Work task:
Your job with the data below: print everything from the line that holds "Eishockey-Nationalteam der deutschen" down to the line that holds "Blog de salud", ends included, exactly, and nothing else.

Supplied records:
=-=-=-=-=

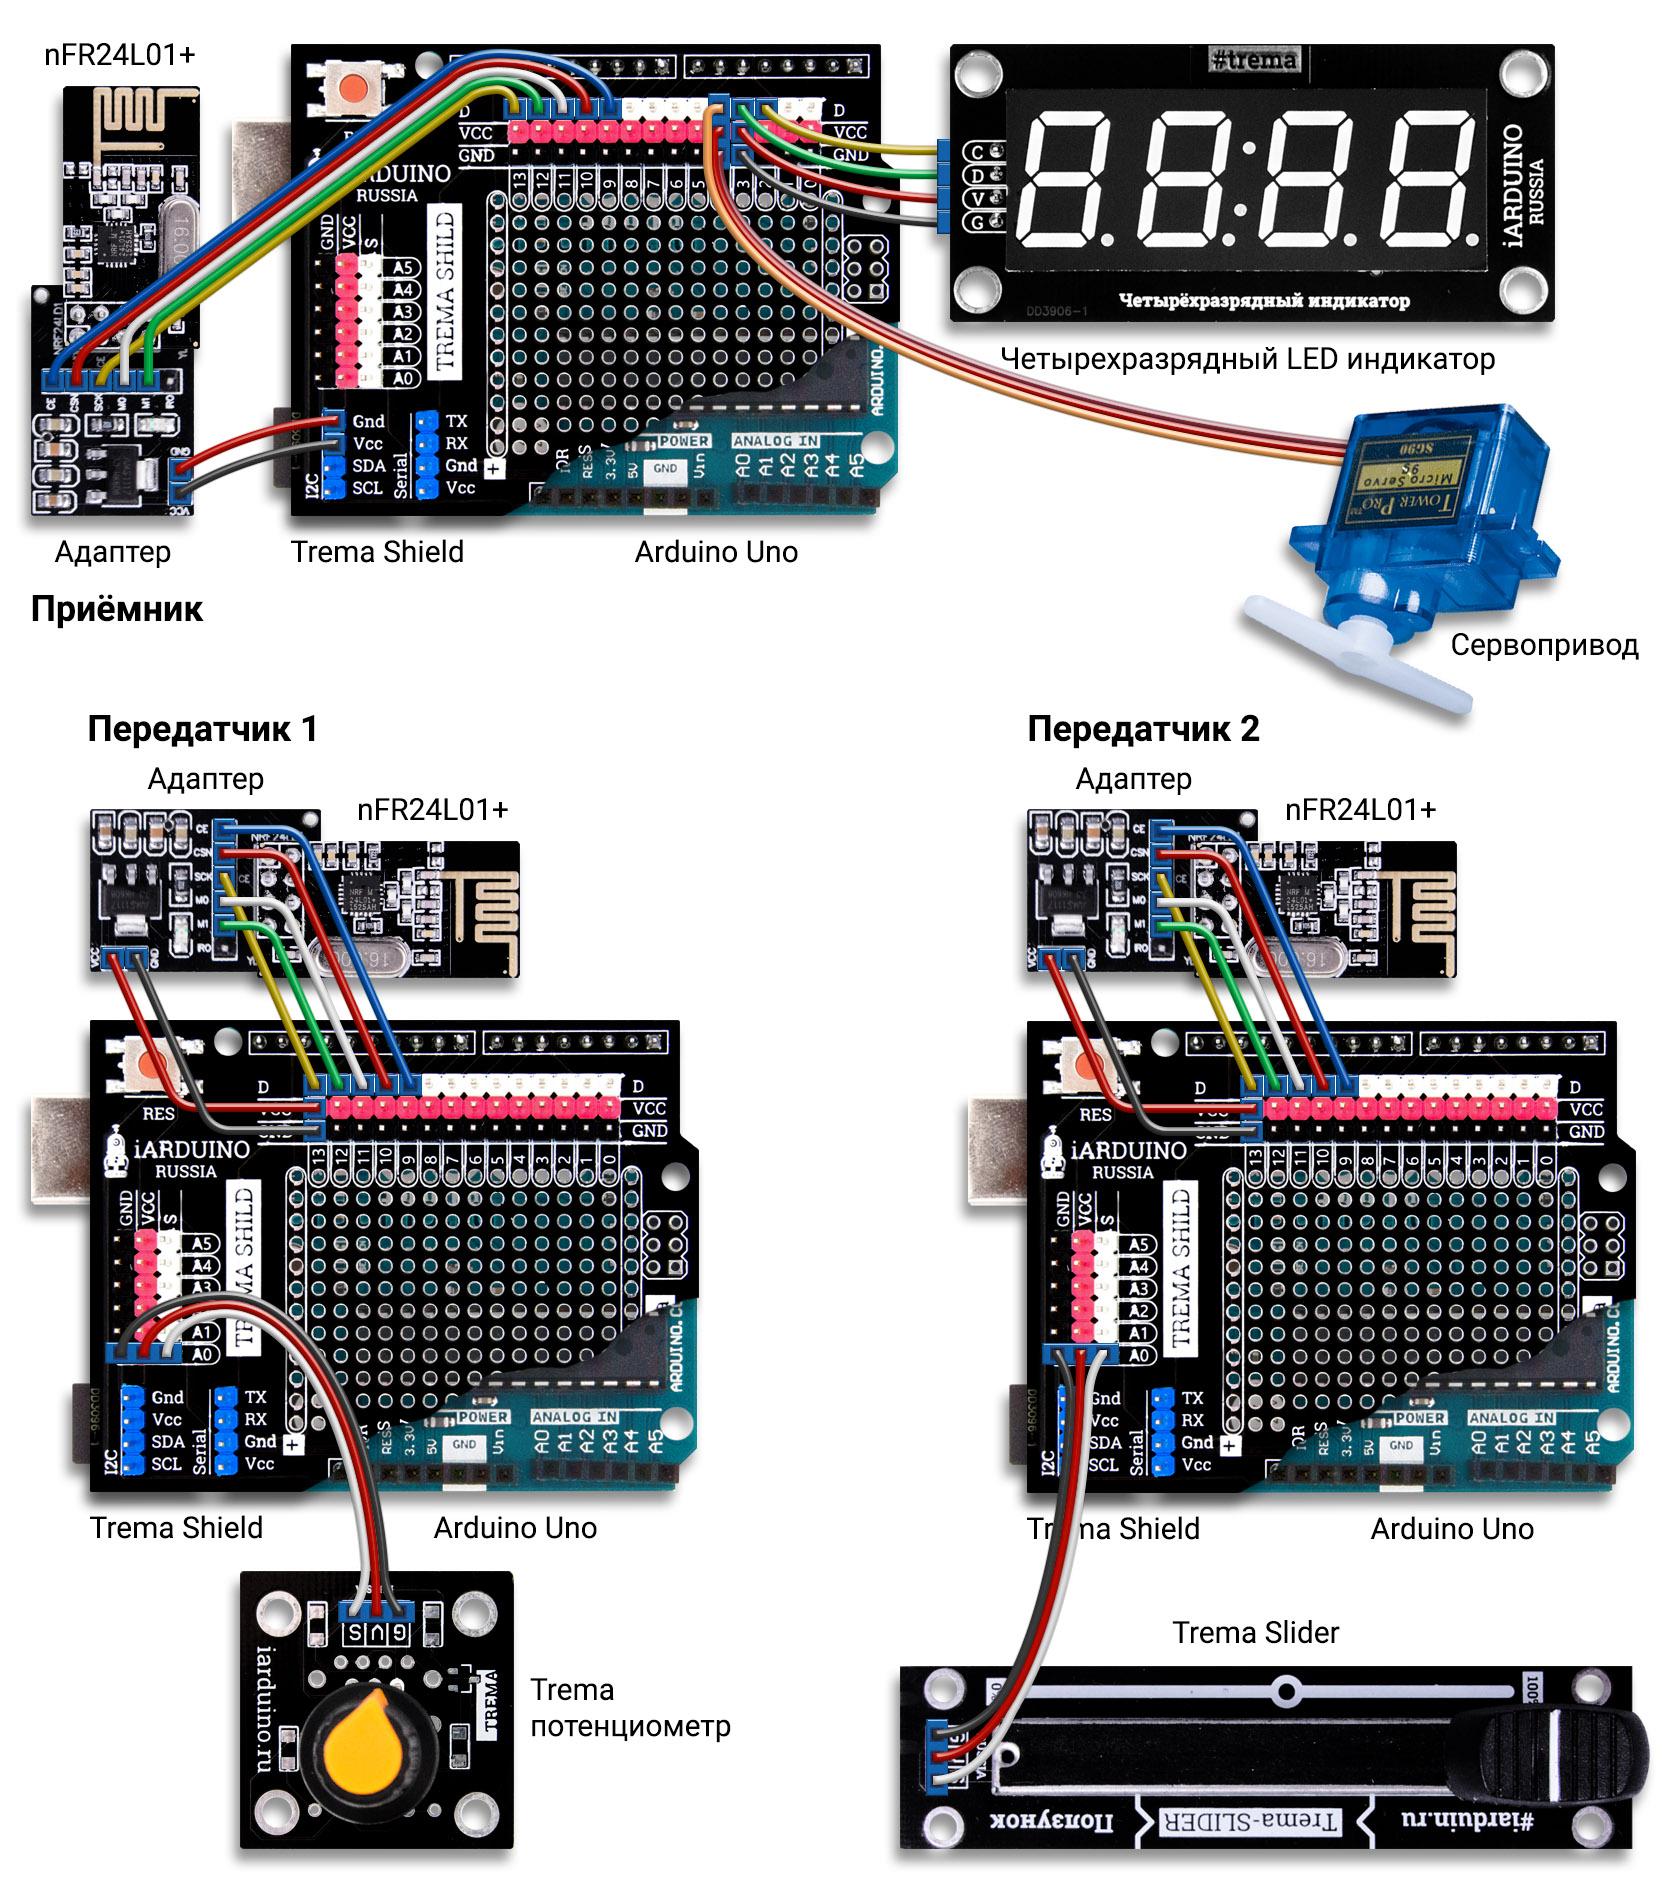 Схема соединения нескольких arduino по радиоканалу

=-=-=-=-=

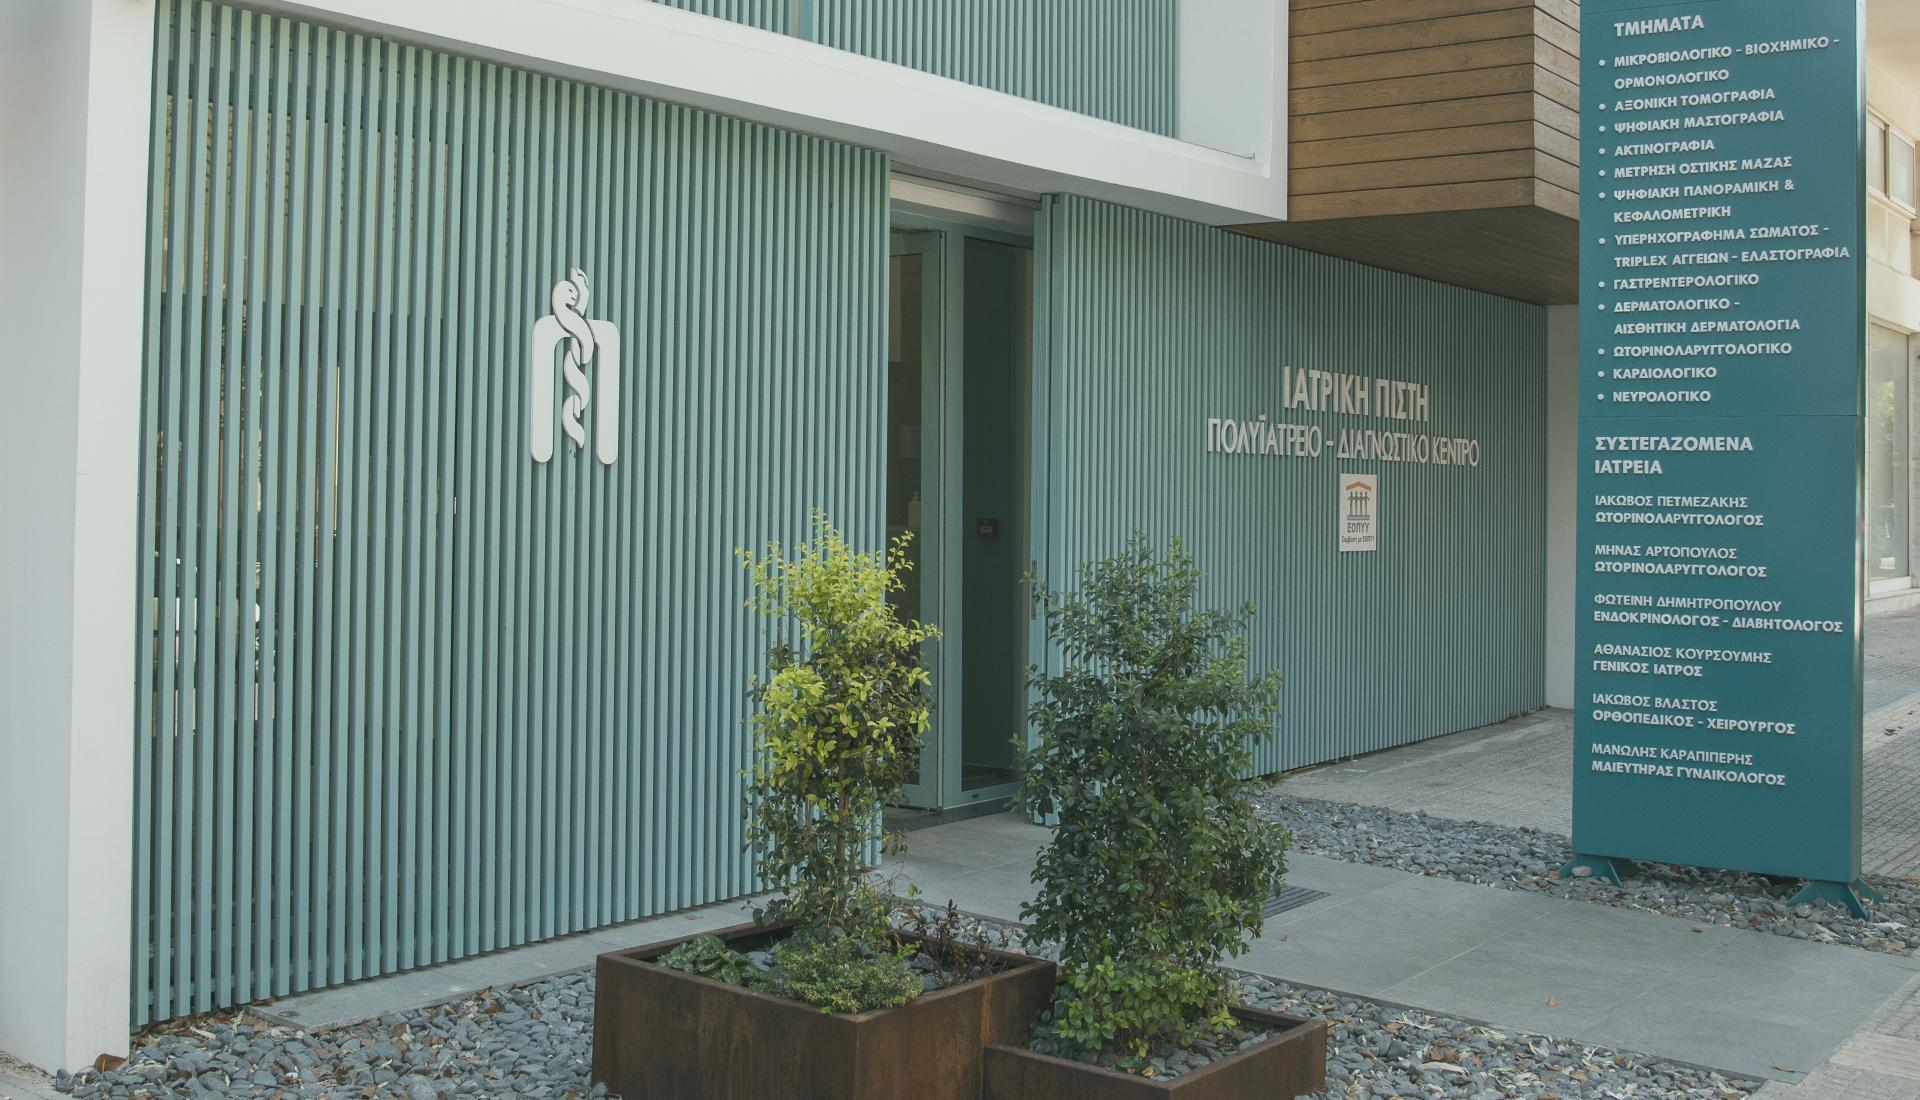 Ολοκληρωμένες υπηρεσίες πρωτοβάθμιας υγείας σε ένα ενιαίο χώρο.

=-=-=-=-=

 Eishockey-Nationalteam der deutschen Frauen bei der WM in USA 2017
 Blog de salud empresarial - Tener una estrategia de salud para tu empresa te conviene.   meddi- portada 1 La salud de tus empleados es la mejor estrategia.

=-=-=-=-=

Your solution:
 Eishockey-Nationalteam der deutschen Frauen bei der WM in USA 2017
 Blog de salud empresarial - Tener una estrategia de salud para tu empresa te conviene.   meddi- portada 1 La salud de tus empleados es la mejor estrategia.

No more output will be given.